Sparse orthognal factor regression tuned by cross validation
cv.sofar(
Y,
X,
nrank = 1,
su = NULL,
sv = NULL,
nfold = 5,
norder = NULL,
modstr = list(),
control = list(),
screening = FALSE
)
response matrix
covariate matrix
an integer specifying the desired rank/number of factors
a scaling vector for U such that \(U^{T}U = diag(s_{u})\)
a scaling vector for V such that \(V^{T}V = diag(s_{v})\)
number of fold; used for cv.sofar
observation orders to constrct data folds; used for cv.sofar
a list of internal model parameters controlling the model fitting
a list of internal computation parameters controlling optimization
If TRUE, marginal screening via lasso is performed before sofar fitting.
The model parameters can be specified through argument modstr
.
The available elements include
mu: parameter in the augmented Lagrangian function.
mugamma: increament of mu along iterations to speed up computation.
WA: weight matrix for A.
WB: weight matrix for B.
Wd: weight matrix for d.
wgamma: power parameter in constructing adaptive weights.
The model fitting can be controled through argument control
.
The avilable elements include
nlam: number of lambda triplets to be used.
lam.min.factor: set the smallest lambda triplets as a fraction of the estimation lambda.max triplets.
lam.max.factor: set the largest lambda triplets as a multiple of the estimation lambda.max triplets.
lam.AB.factor: set the relative penalty level between A/B and D.

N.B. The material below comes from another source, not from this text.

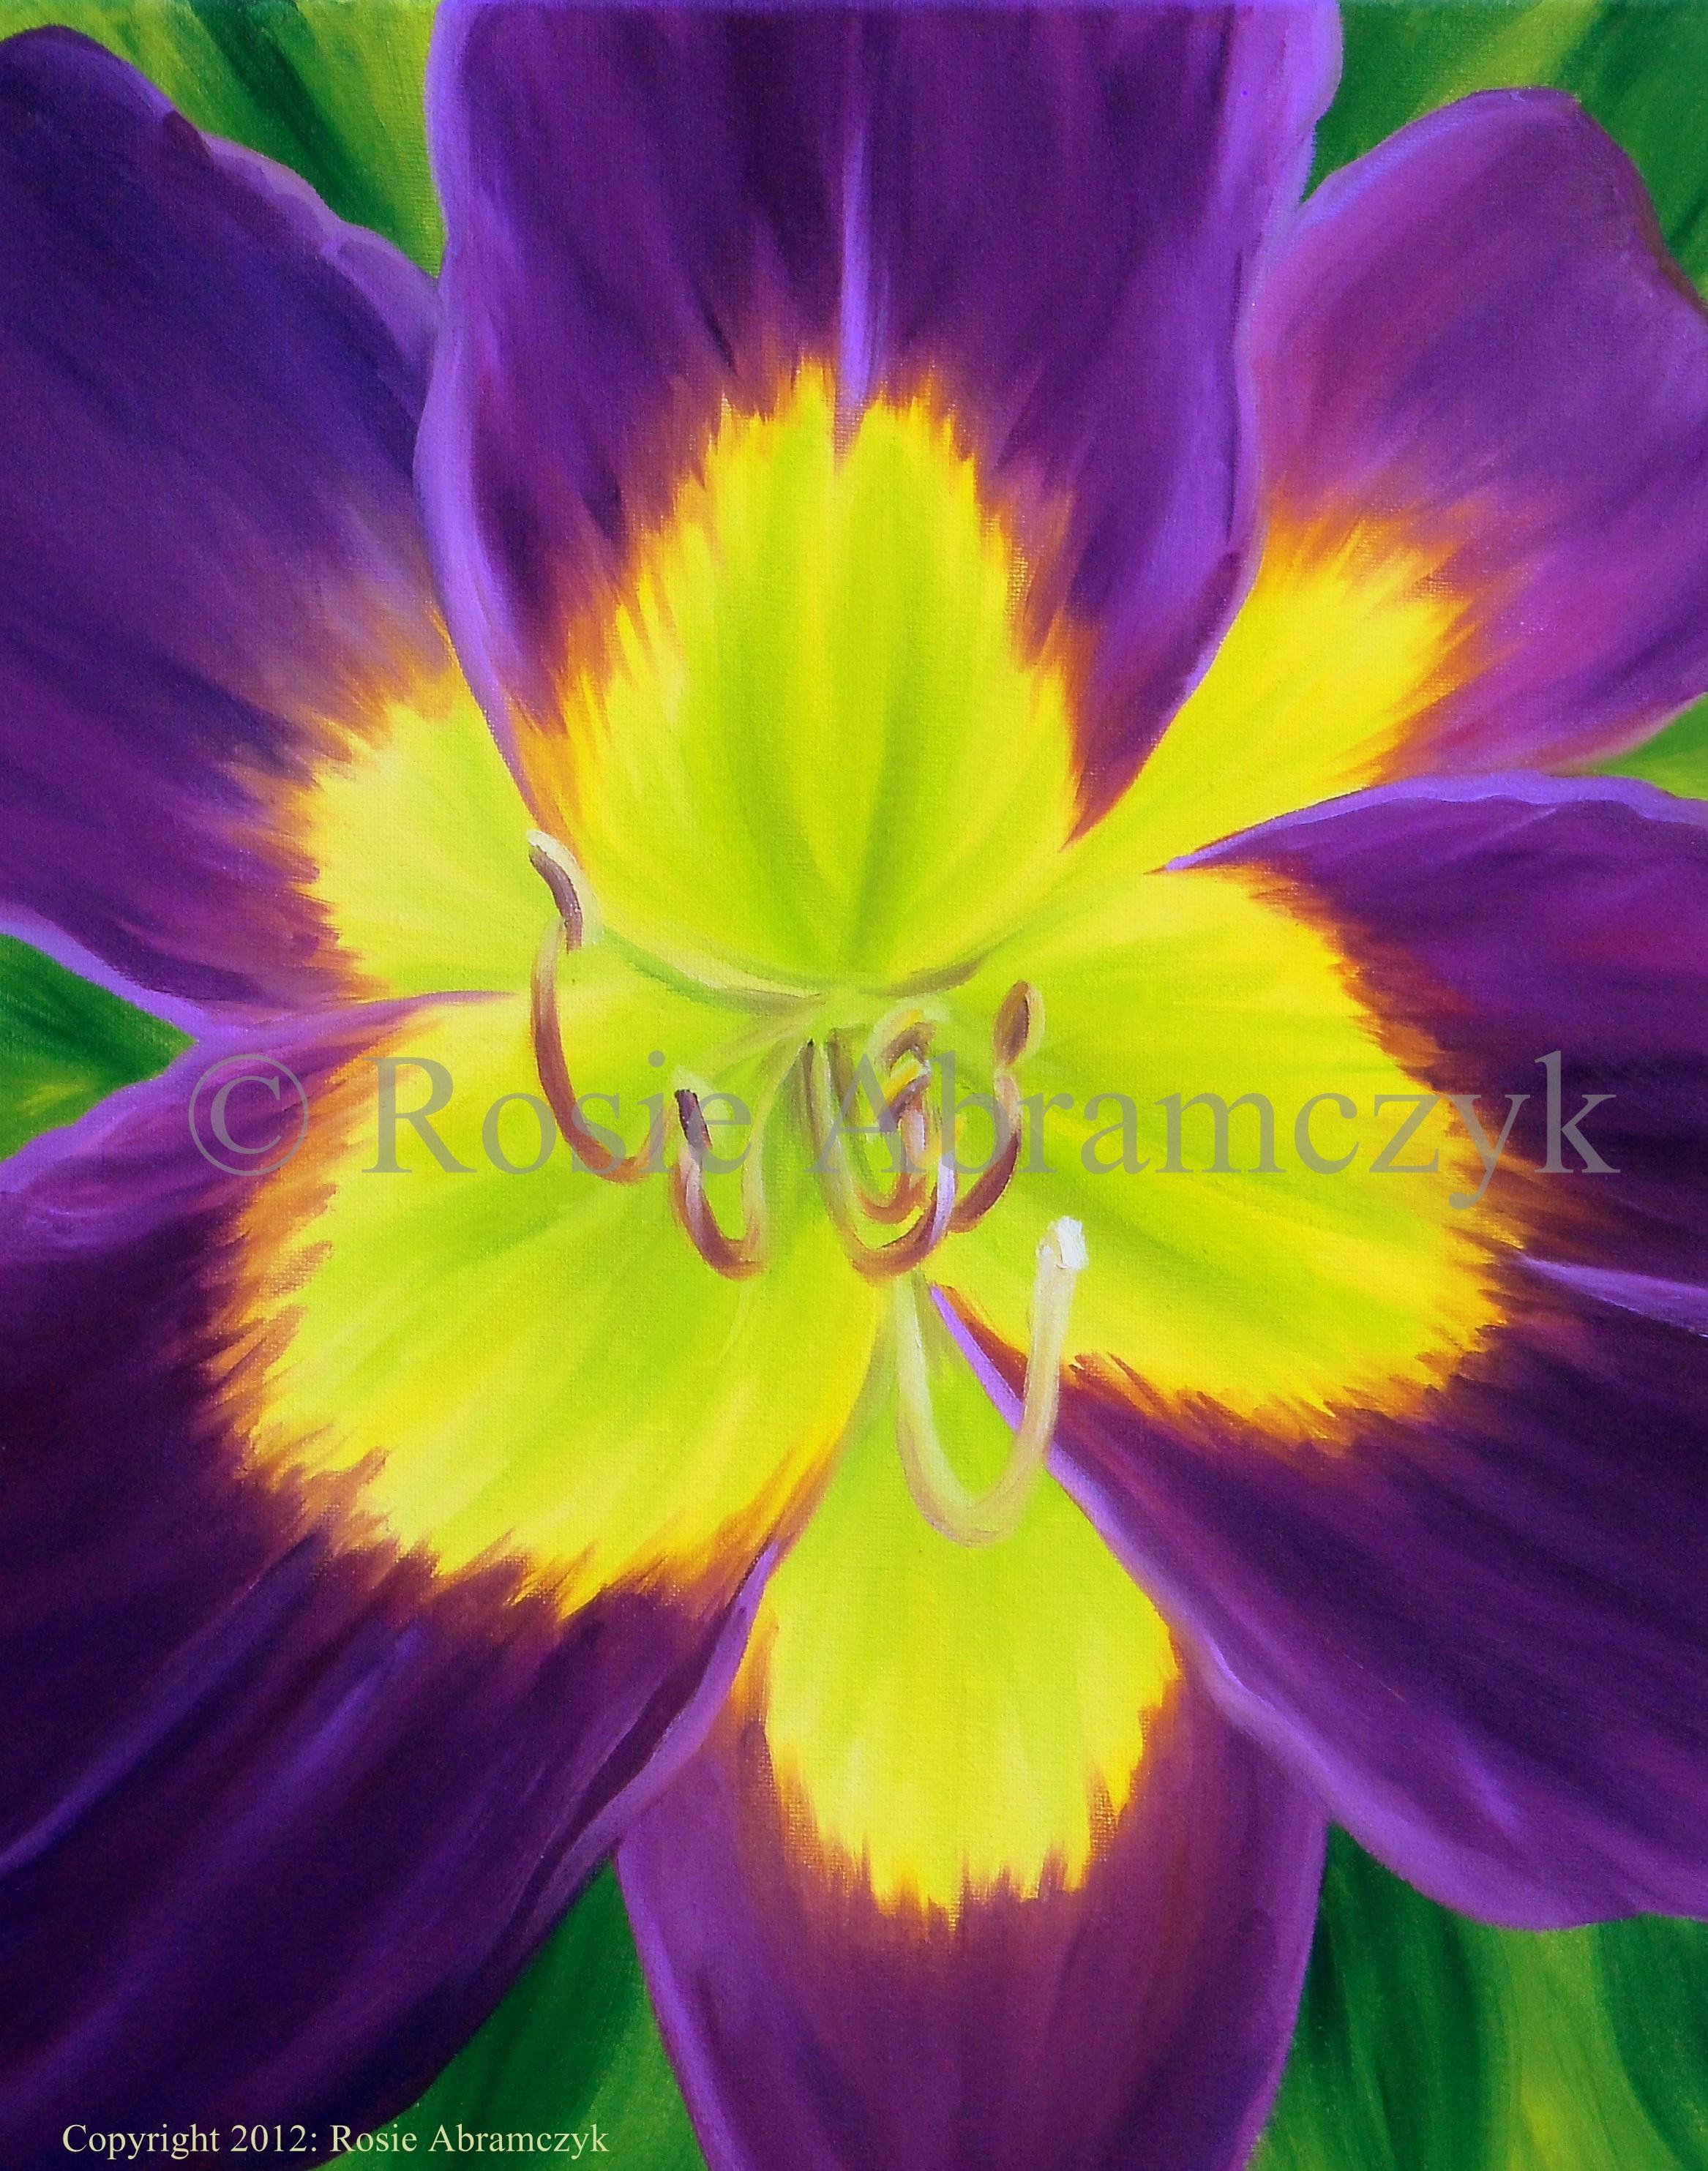 Purple Daylily, Rosie Abramczyk, Oil, 2012

penA,penB,penD: if TRUE, penalty is applied.
lamA: sequence of tuning parameters for A.
lamB: sequence of tuning parameters for B.
lamD: sequence of tuning parameters for d.
methodA: penalty for penalizing A.
methodB: penalty for penalizing B.
epsilon: convergence tolerance.
maxit: maximum number of iterations.
innerEpsilon: convergence tolerance for inner subroutines.
innerMaxit: maximum number of iterations for inner subroutines.
sv.tol: tolerance for singular values.